Augustine wrote the City of God while the Roman Empire was falling into ruin under the barbarian invasions and the Church was rising from the imperial ashes.
There was need of justifying these two events, which disturbed not only those who did not believe in Christ but also those who did believe in him.
With this purpose in mind, Augustine undertook this major work over a period of thirty years.
The City of God can be considered the first in the philosophy of history.
Until the late Middle Ages a thousand years later, the City of God influenced the politics and government of Christian nations, and in the relations between the Church and the civil government.
It was an influence in the creation of the Holy Roman Empire, and had little in the way of rival theories until Nicola Machiavelli in the year 1513 wrote a very secular work, The Prince, that appealed to the more base desires of power and cunning.

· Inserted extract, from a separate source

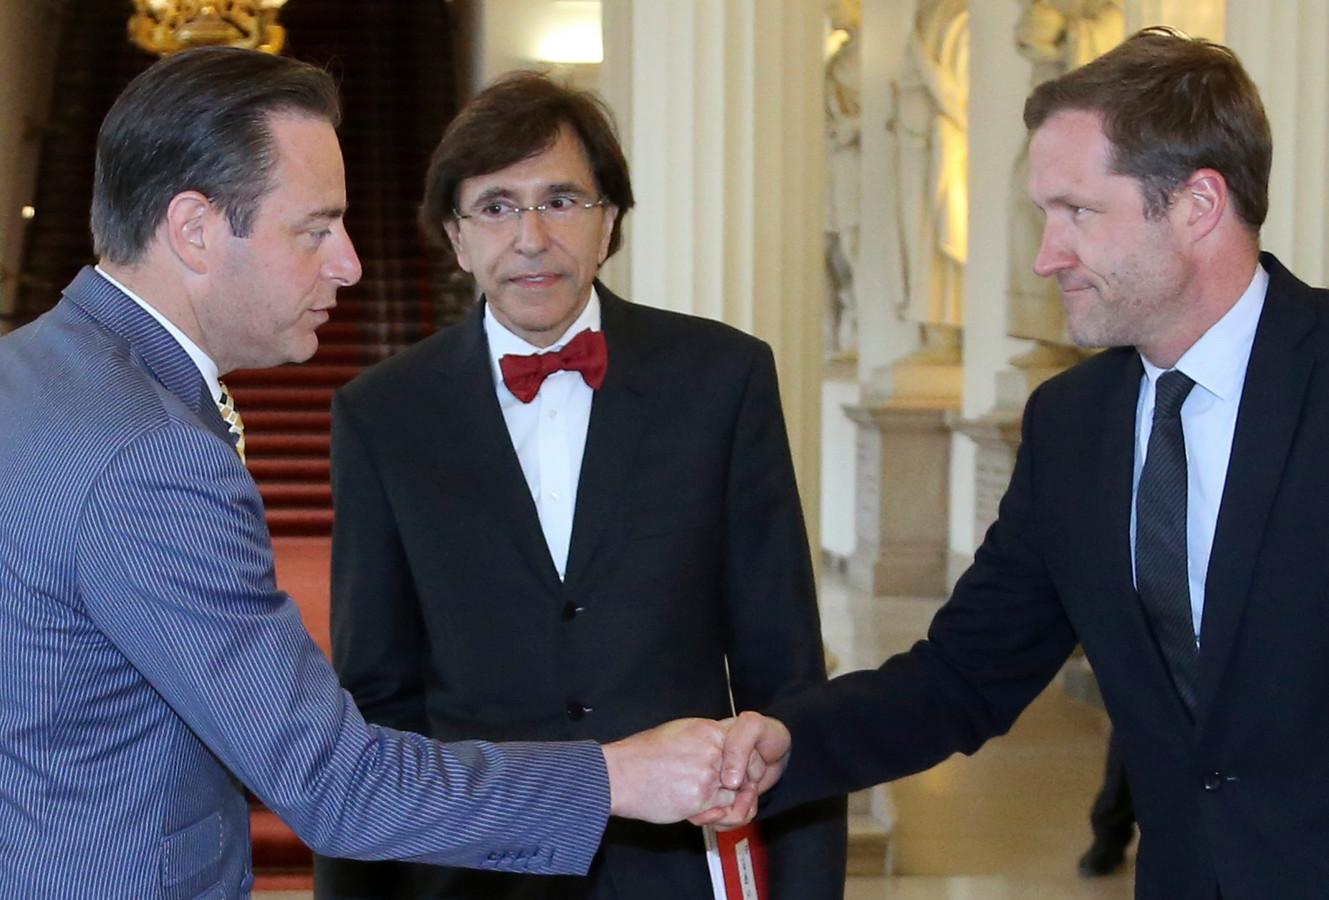 Bart De Wever, Elio Di Rupo et Paul Magnette en 2014.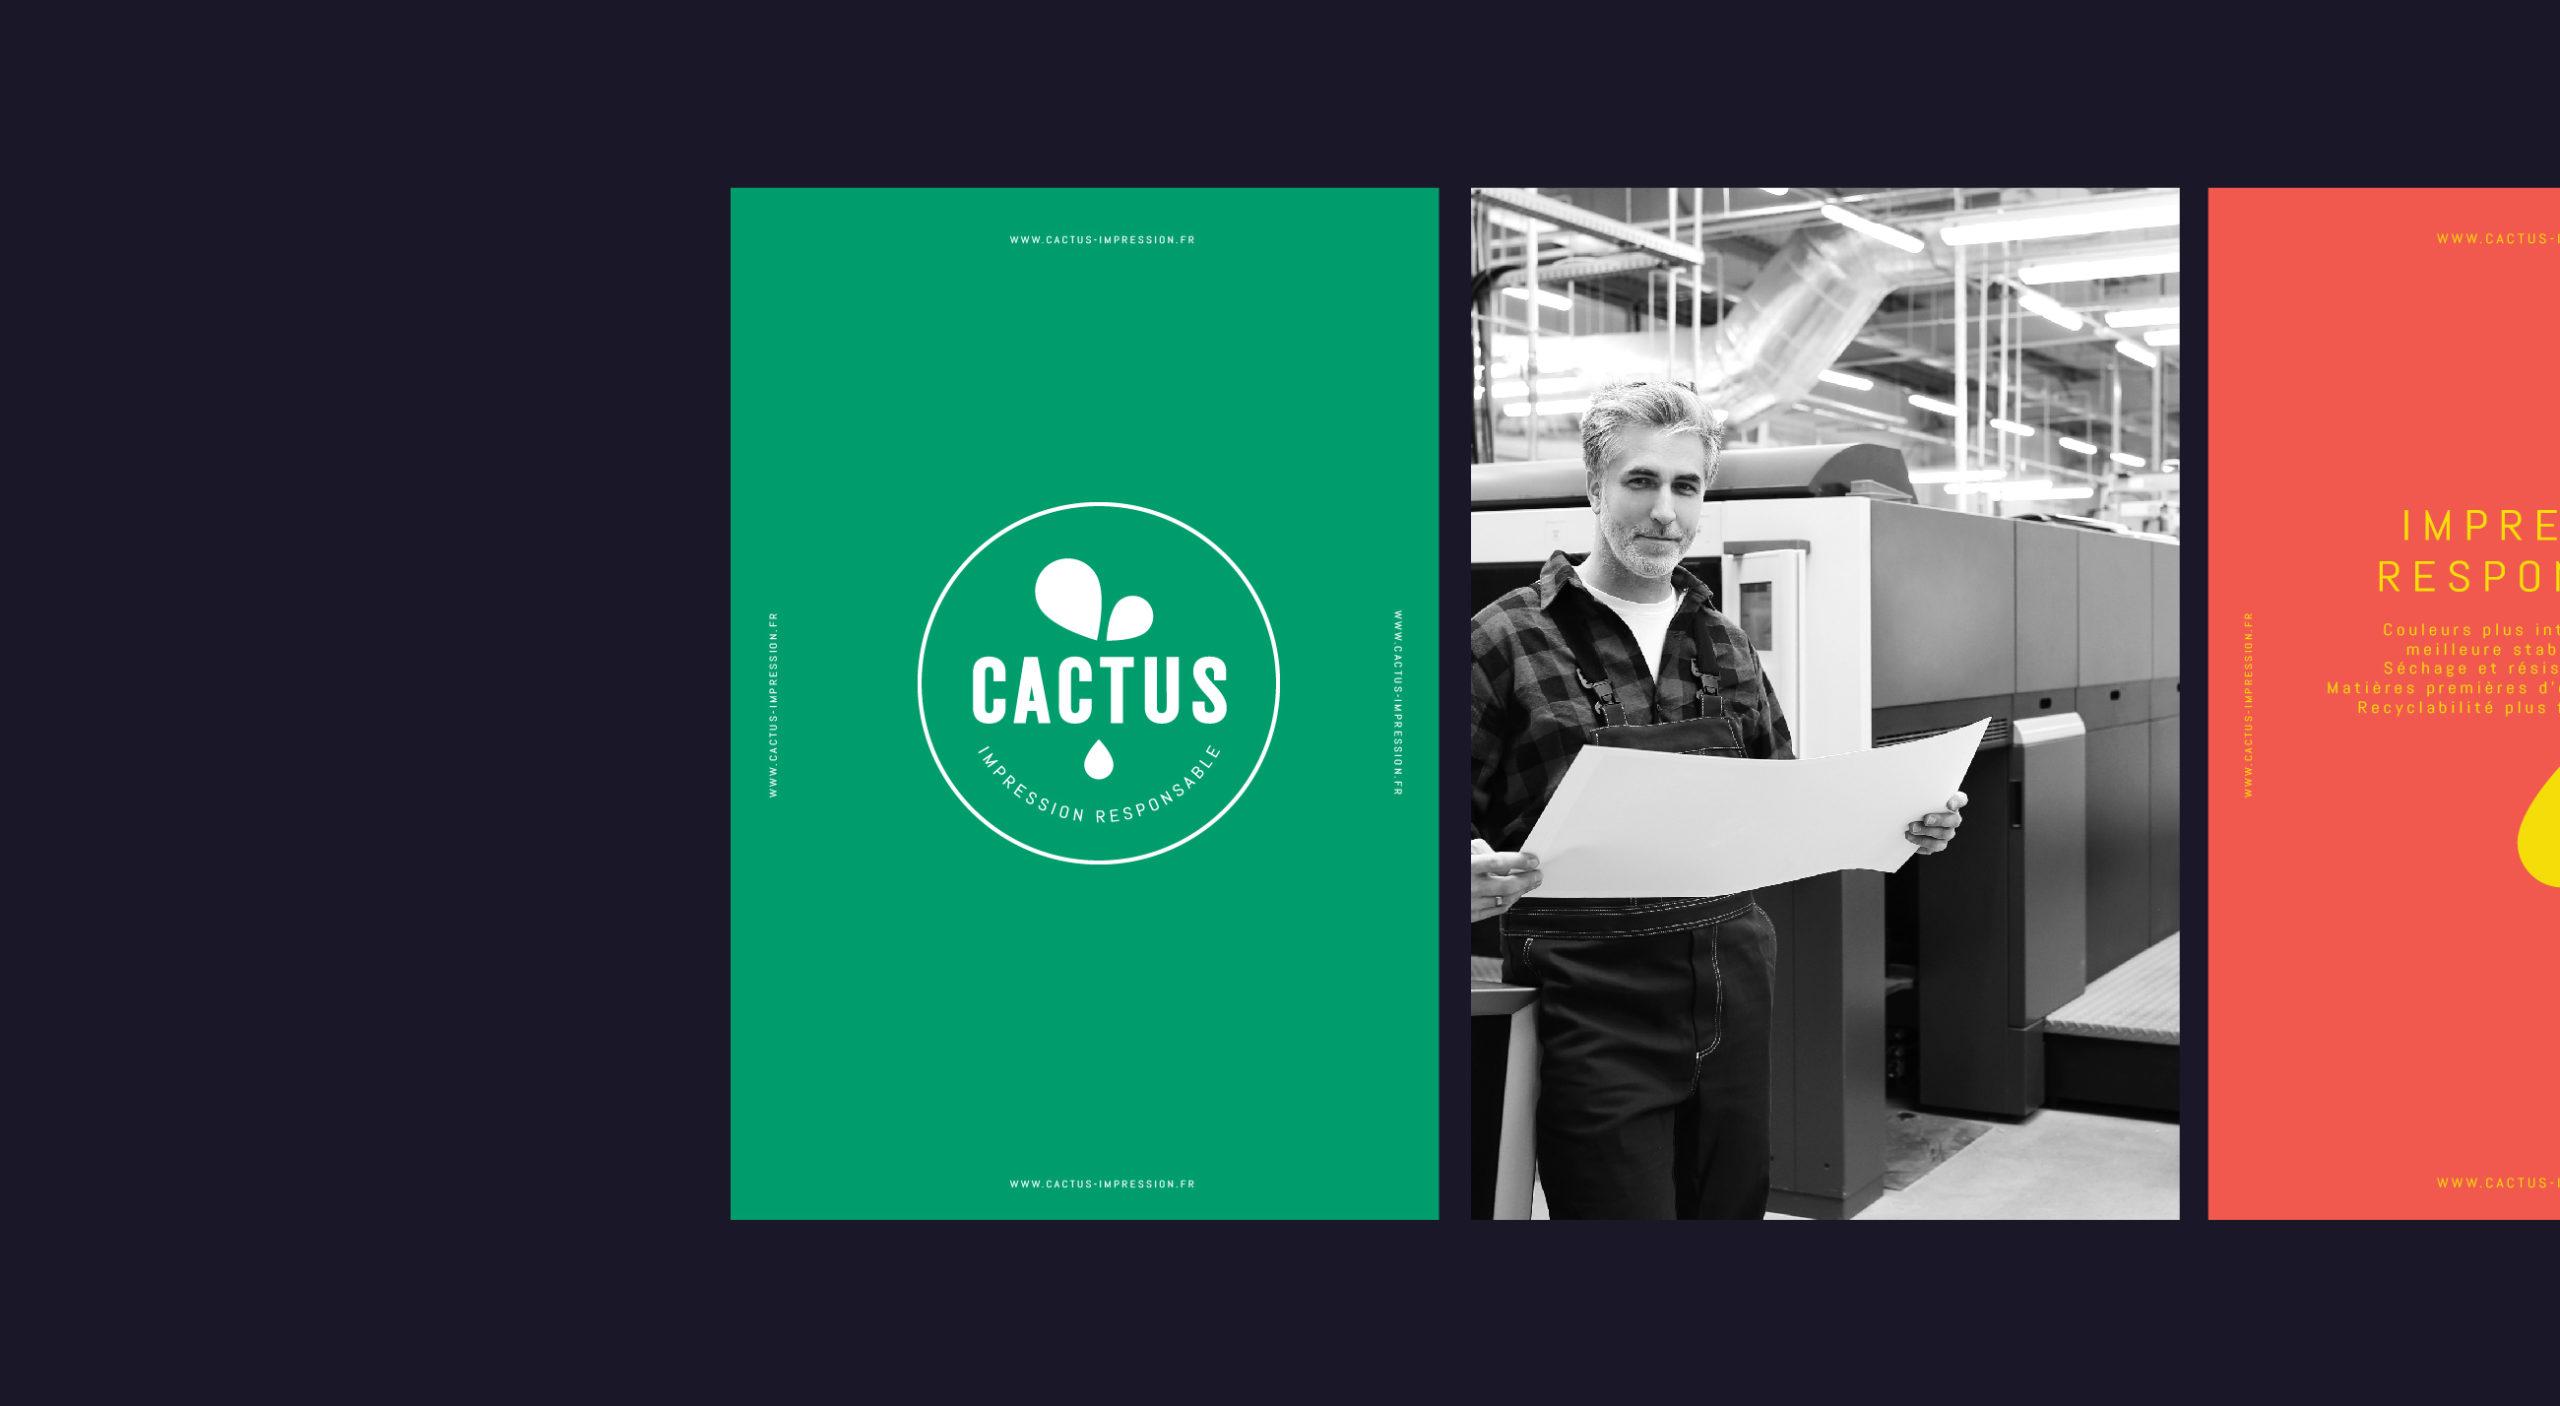 CACTUS-DAIAM-4

The world view of Augustine and his history of humanity is organic and unified, but it is also ascetic and Christian.
Christ is the very soul of history. The coming of Christ presupposes another truth of the Christian faith, original sin.
In consequence of original sin, people are divided into two distinct cities: one of God, the other of the earth. Both, however, are at the service of Christ.
The city of God, prior to the coming of Christ, was represented by the people of Israel; the city of this earth was represented by the Roman Empire.
The two cities had a different purpose, the one religious and the other political.
The first had the task of preparing for the coming of Christ through the prophetic men in the Bible; the second was to prepare for his coming politically.